What you return should be only the lines in the entries below between the one holding "Villa Lo Zerbino" and the one holding "children's summer reading challenge", ends included, with every picture left out.

## Records to use
---+---

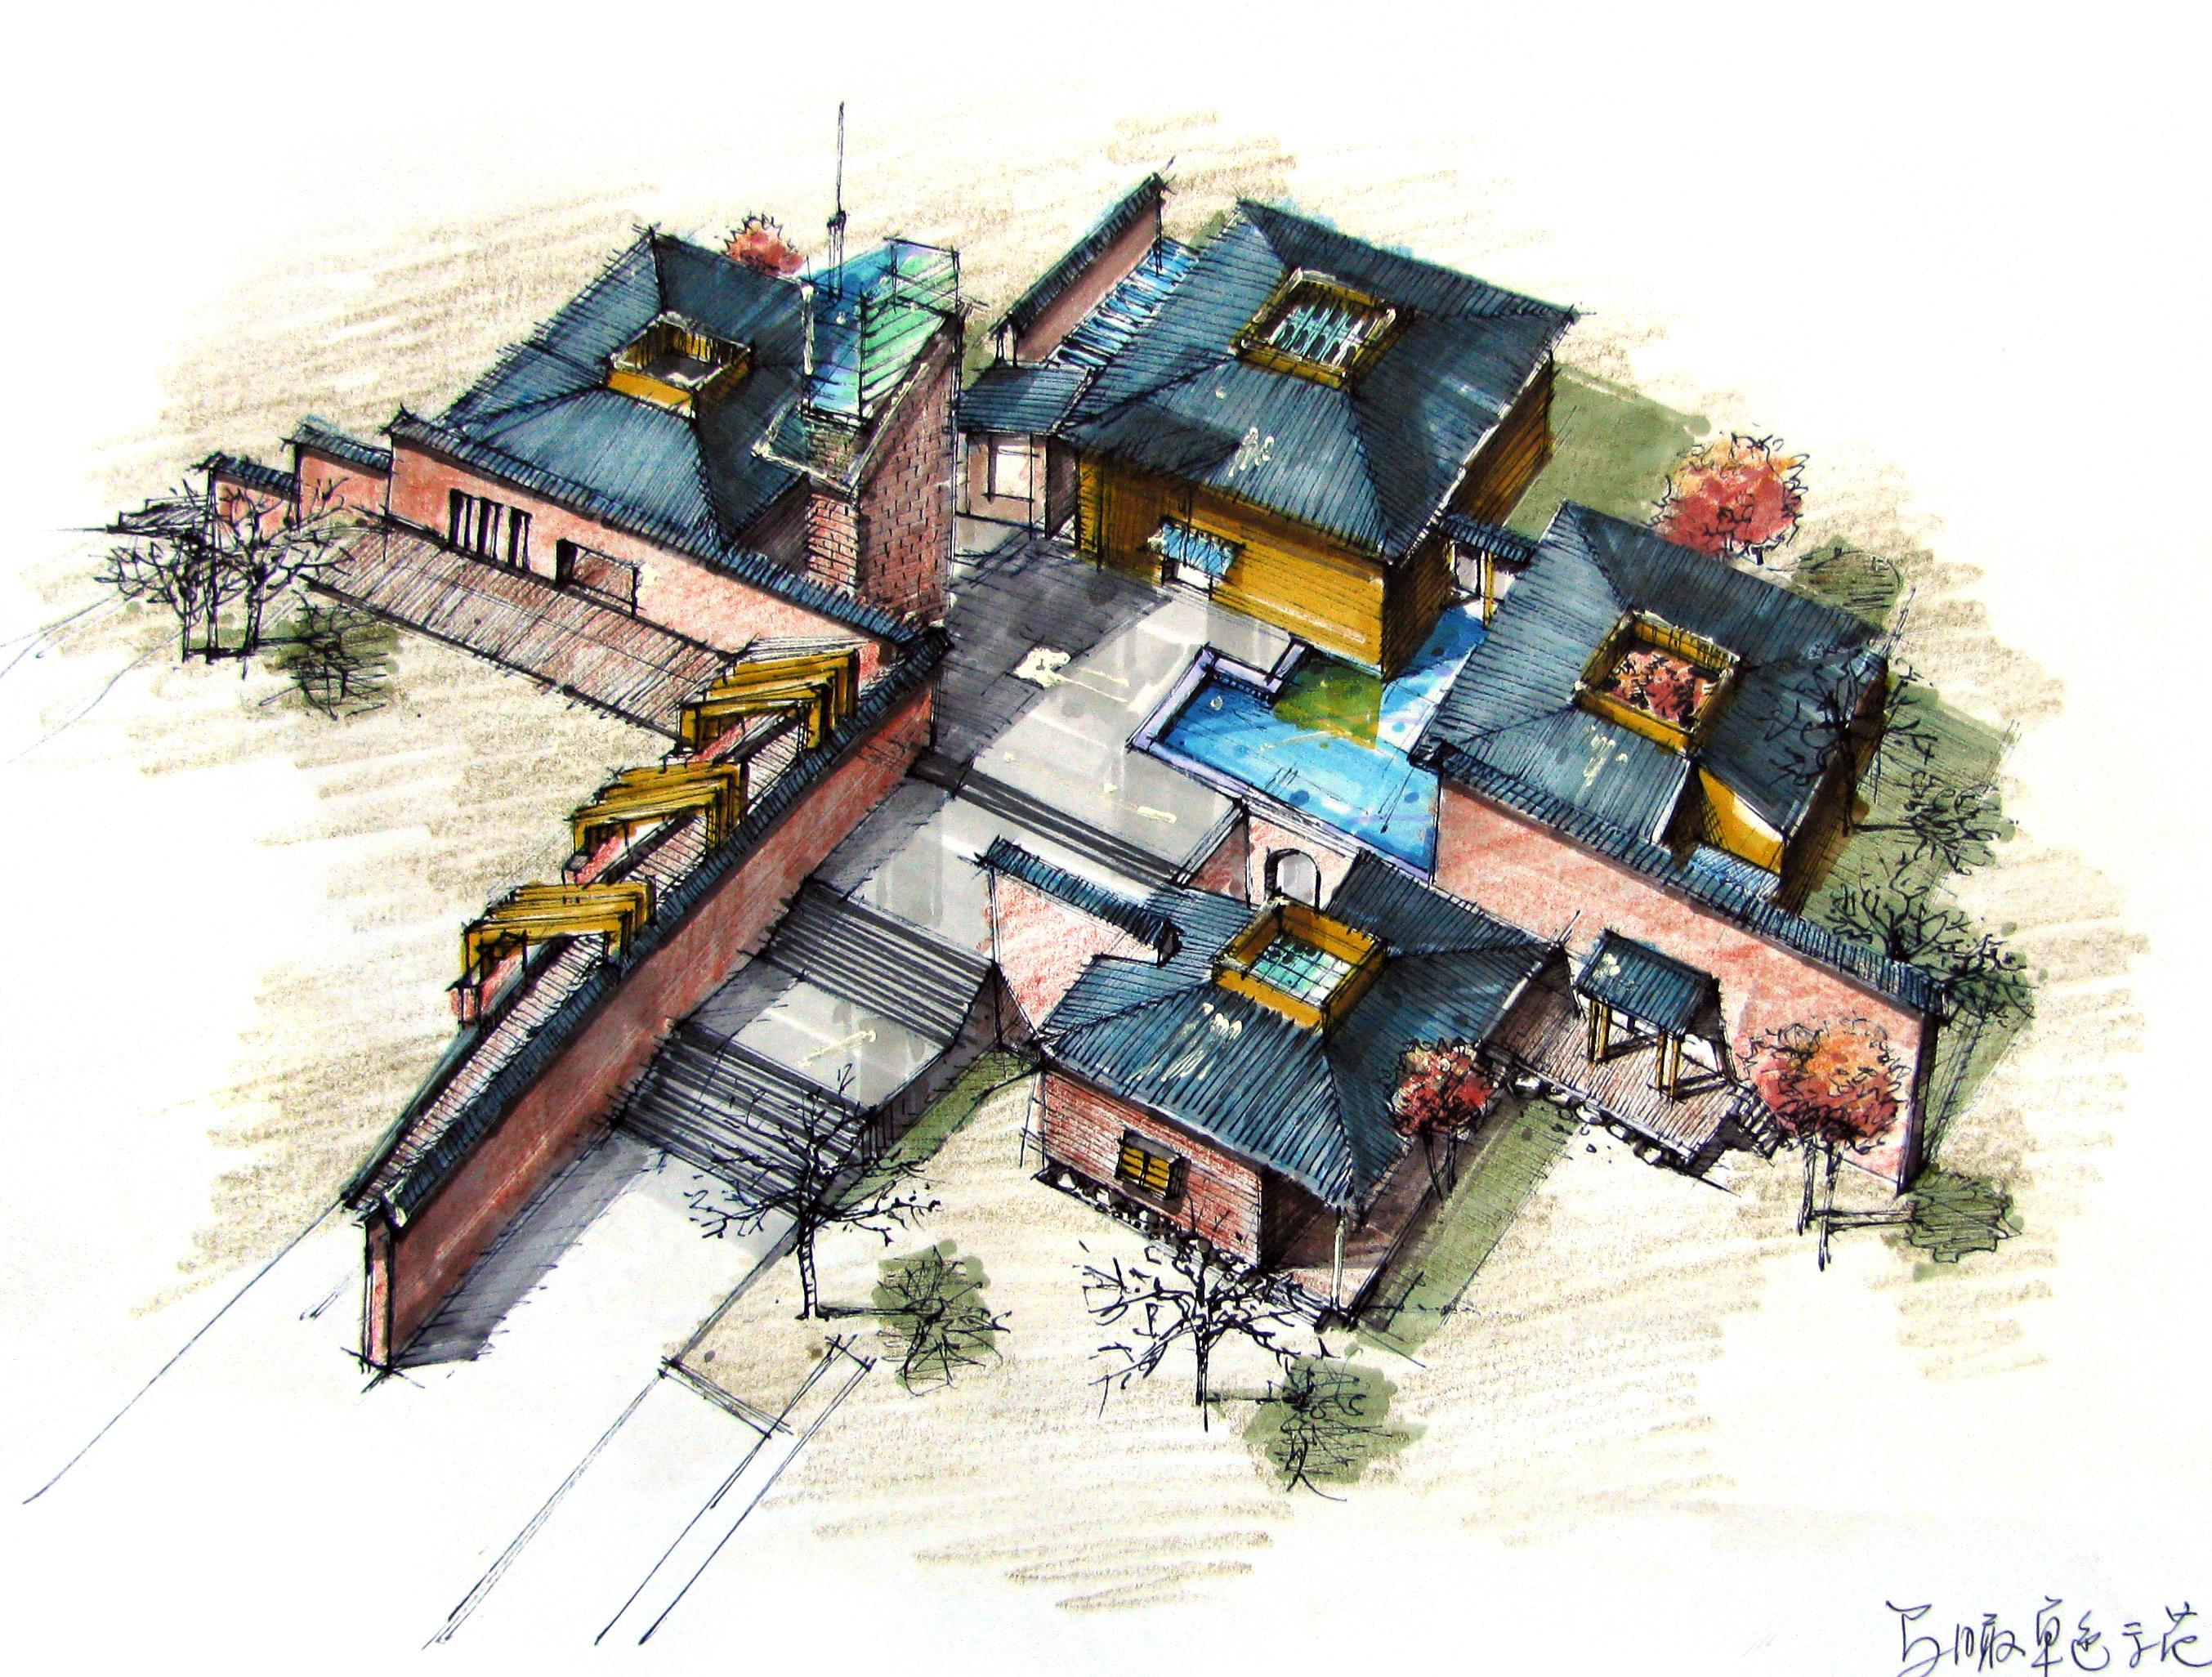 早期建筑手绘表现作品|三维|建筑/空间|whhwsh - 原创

---+---

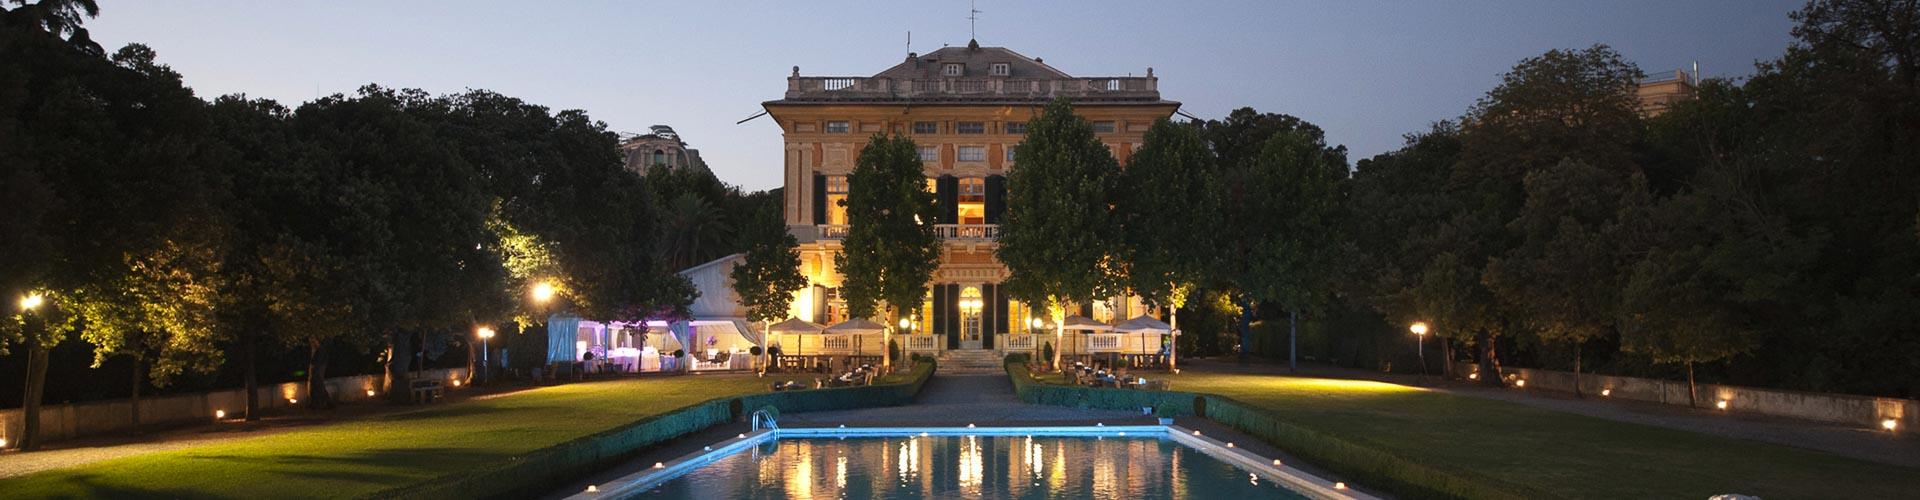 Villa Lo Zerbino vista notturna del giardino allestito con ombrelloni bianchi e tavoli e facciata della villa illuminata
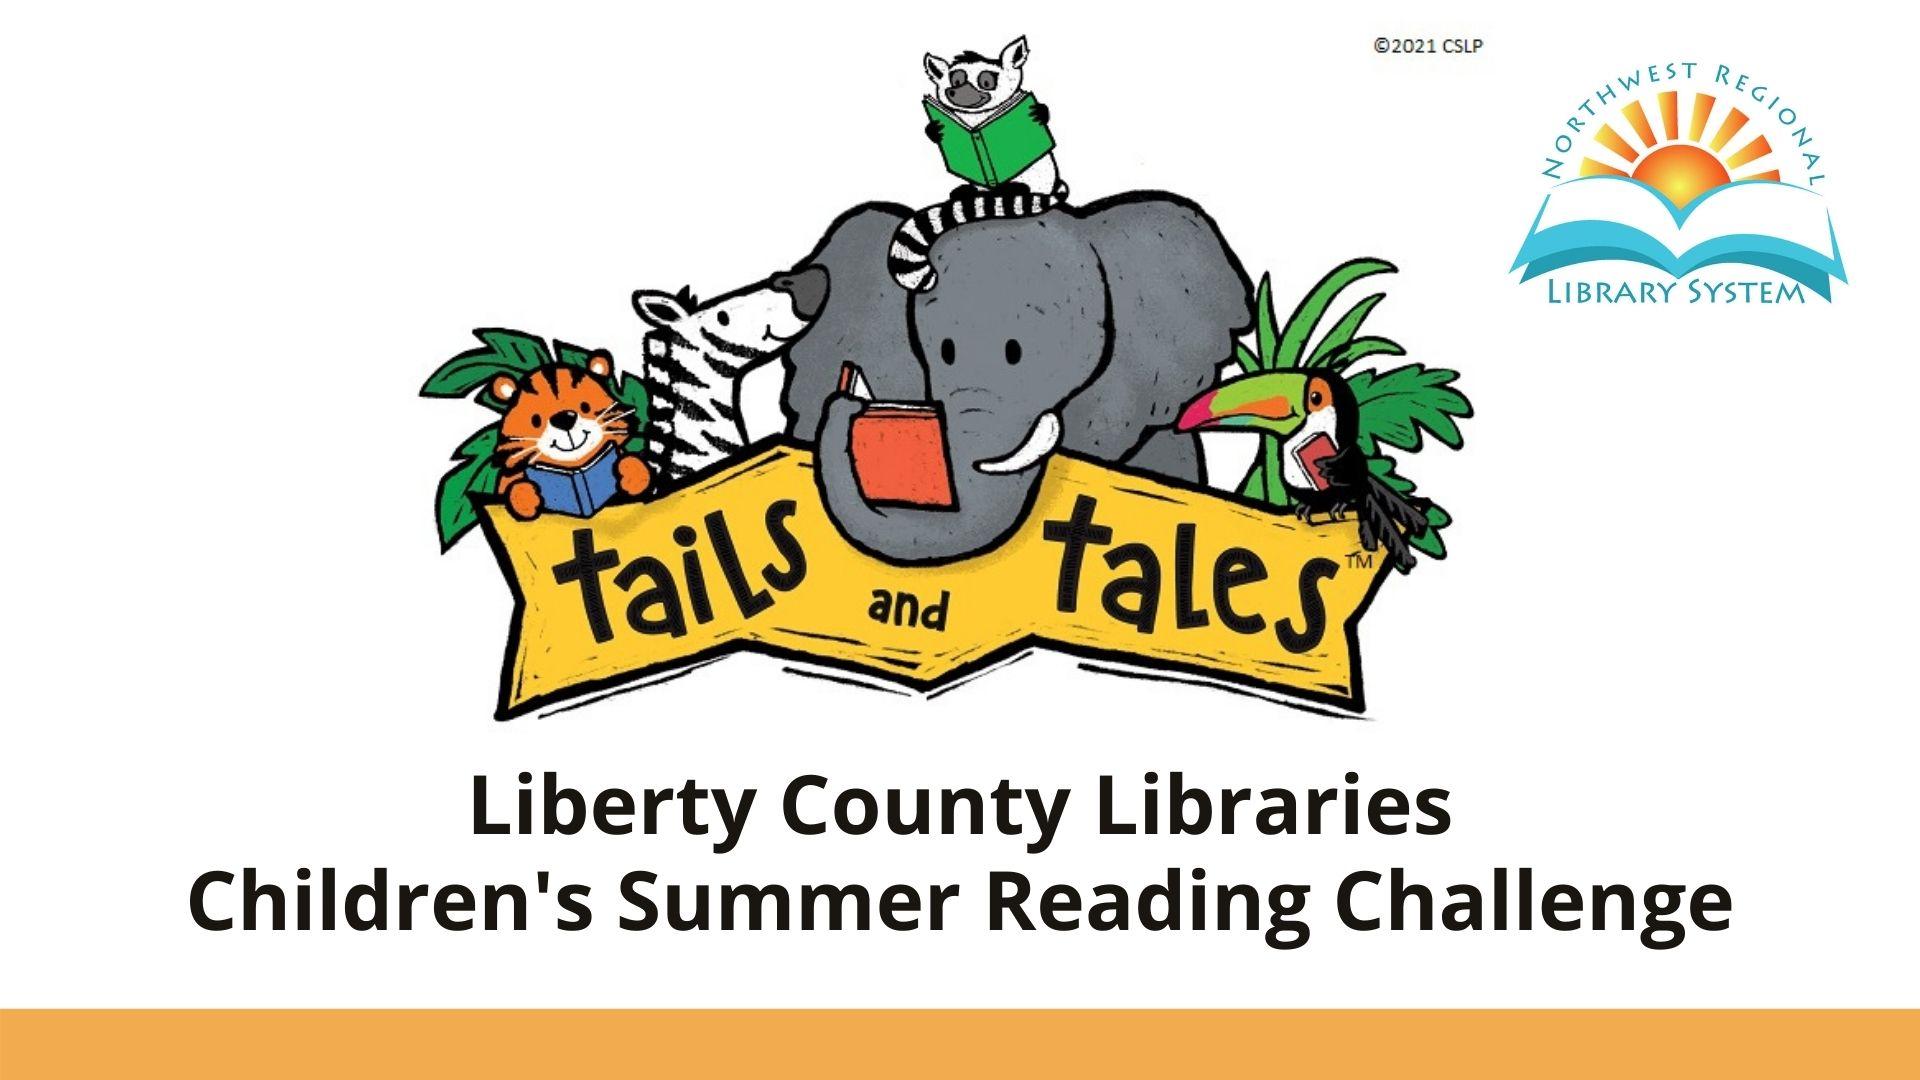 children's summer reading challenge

---+---

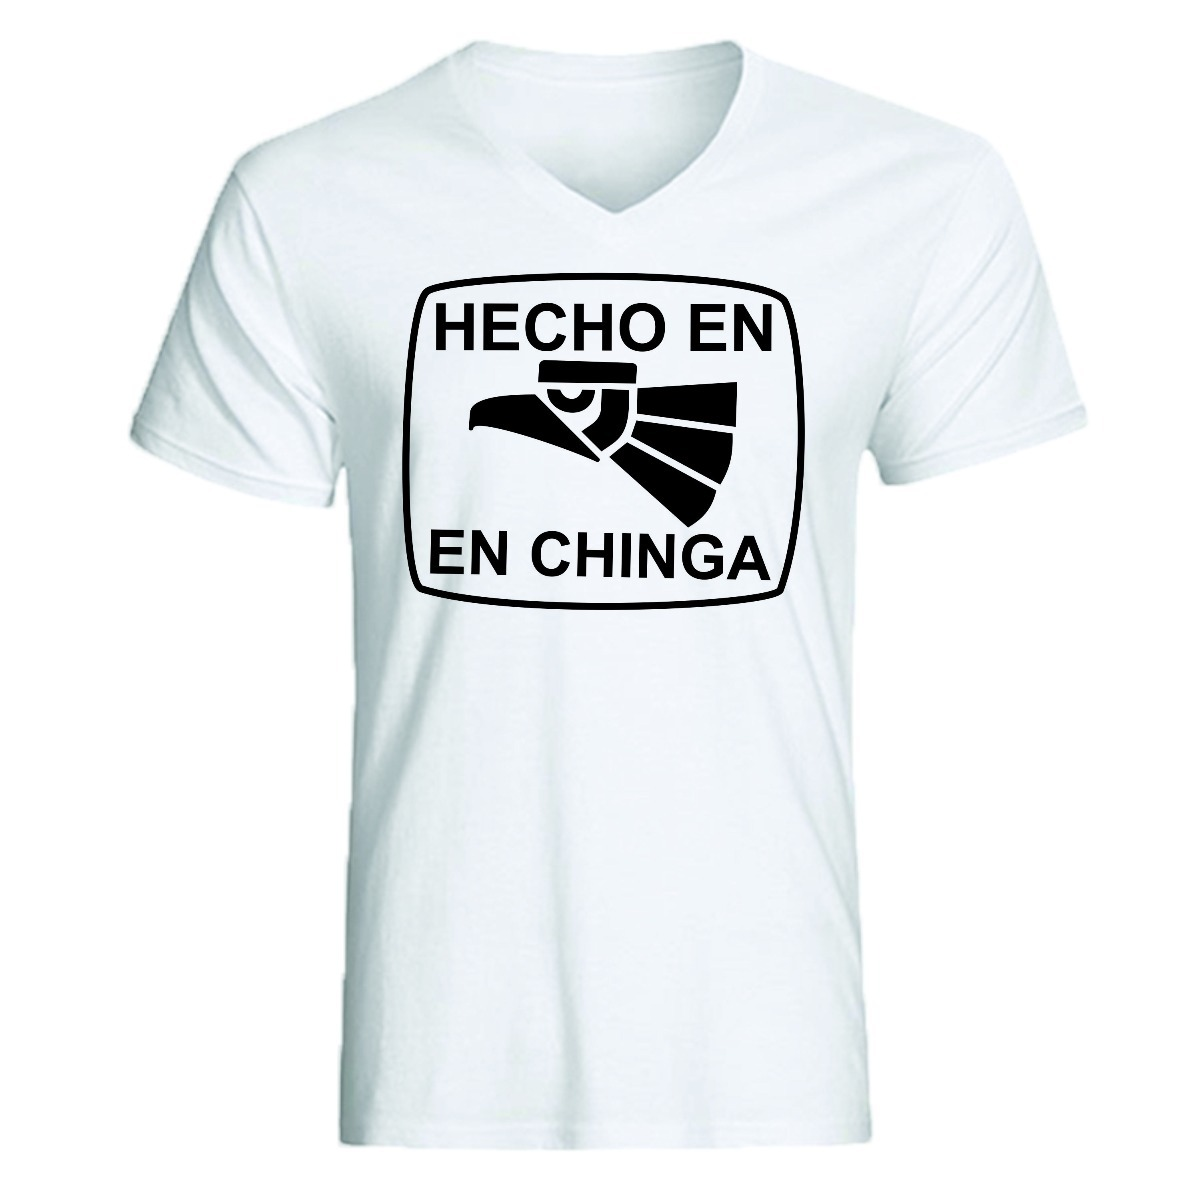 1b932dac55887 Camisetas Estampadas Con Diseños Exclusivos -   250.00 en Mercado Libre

---+---

## Solution to this problem
 Villa Lo Zerbino vista notturna del giardino allestito con ombrelloni bianchi e tavoli e facciata della villa illuminata
 children's summer reading challenge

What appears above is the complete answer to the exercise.